In reconstructing how the alphabet emerged (or any of his work develops), Cogswell remarks, "I only understand what it's about afterwards." He points to a figure in a painting in the style for which he is known-large, intensely colorful paintings featuring classic human figures in Renaissance-like backgrounds. "In retrospect, I realize I chose this pose because of its glyph-like quality. This figure is bonded with the book to form a shape," he explains. His human figures through their shapes echo the Chinese ideograms he once studied.

Books appear frequently in Cogswell's paintings. He thinks all the books are "a reaction to being dropped into a book environment. When I got to the university, I was thinking about the relation of myself to the institution, being an artist - a manual laborer - I sensed the schisms."

A lover of books, Cogswell was "interested in the mythology and history of books, but never in putting text directly into my painting." Then in 1993, Cogswell was a fellow at the Institute for Humanities where he met noted science fiction writer Samuel Delany, who was a visitor there. At lunch, "He and I were talking about my work and about image and text and how to make my painting stronger," recalls Cogswell, when Delany, a statuesque African American man in his 60s, fixed his gaze on Cogswell and announced, "I want to model for you."

"I was taken aback.
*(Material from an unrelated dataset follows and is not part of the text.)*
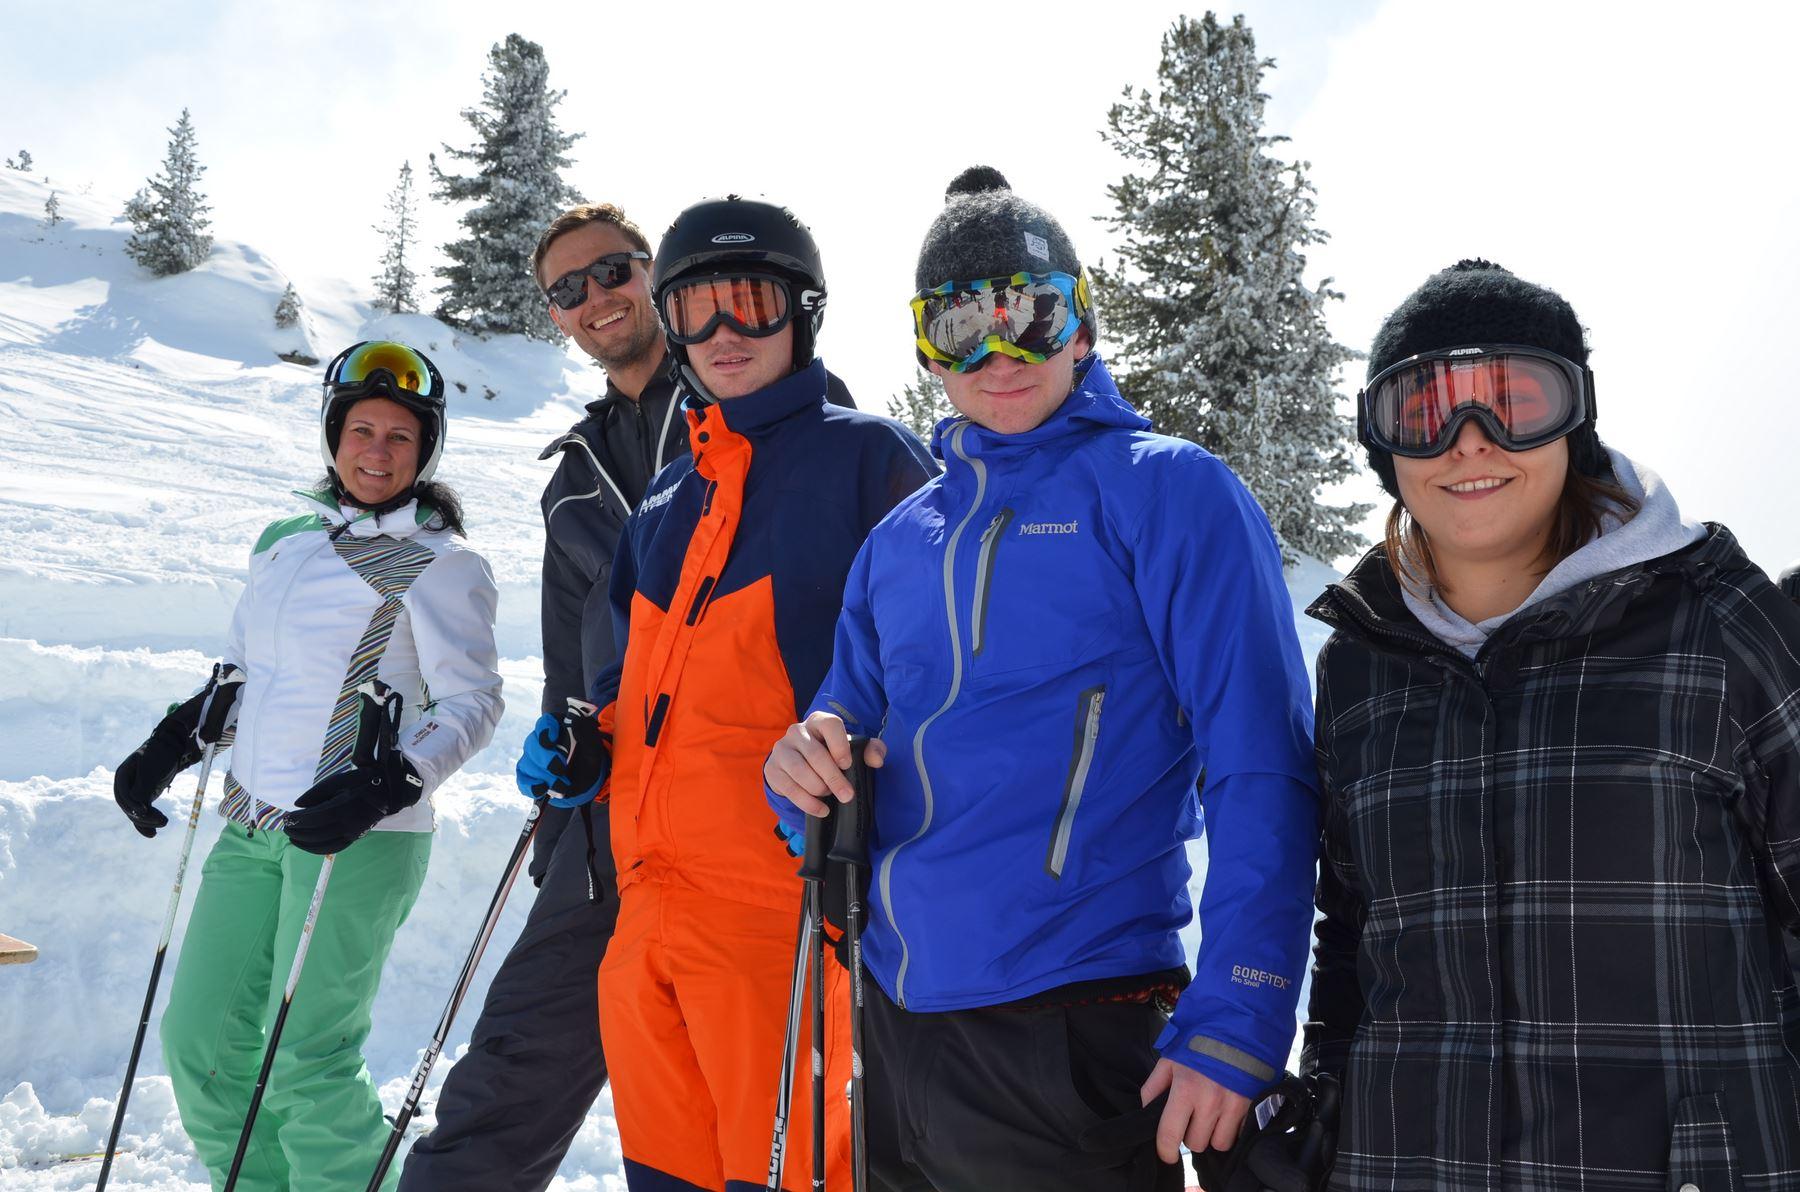 2015-03-22 BV Zillertal Skirennen 289.JPG

The man has a tremendous physique and an incredible imagination," says Cogswell. Yet he had no idea what he was going to do with Delany as a model. Then the idea of an anthropomorphic alphabet came to mind-letters formed by human figures. "Text and image. All of a sudden it seemed the short, clear way to make figures text."

He arranged a photo session with Delany and additional models from the art school. The photographs were intended as a basis for other work. Thinking about how to shoot the photos, Cogswell grouped the letters, associating those with similar shapes, for example E, F, L. "I became really interested in the letters as shapes. I knew I wanted figures standing in space, as if doing some thing real from the participant's view, not just forming letters by lying on the ground."

photo
Alphabet Series: Letter Z, 1995
18"x17"
Used with permission of artist. Web image copyright 1996, University of Michigan.
Do not use for any media without permission.

"At the end I knew I had some good photographs. I didn't know what for-I was responding to an opportunity, a situation."

Another factor in the creation of the alphabet was "creative uses of boredom," as Cogswell calls it. "I was becoming very frustrated with my painting. The landscapes were too literal- the same sky, rocks, and trees." He was trying to break away from that and to put figures in different types of spatial environments.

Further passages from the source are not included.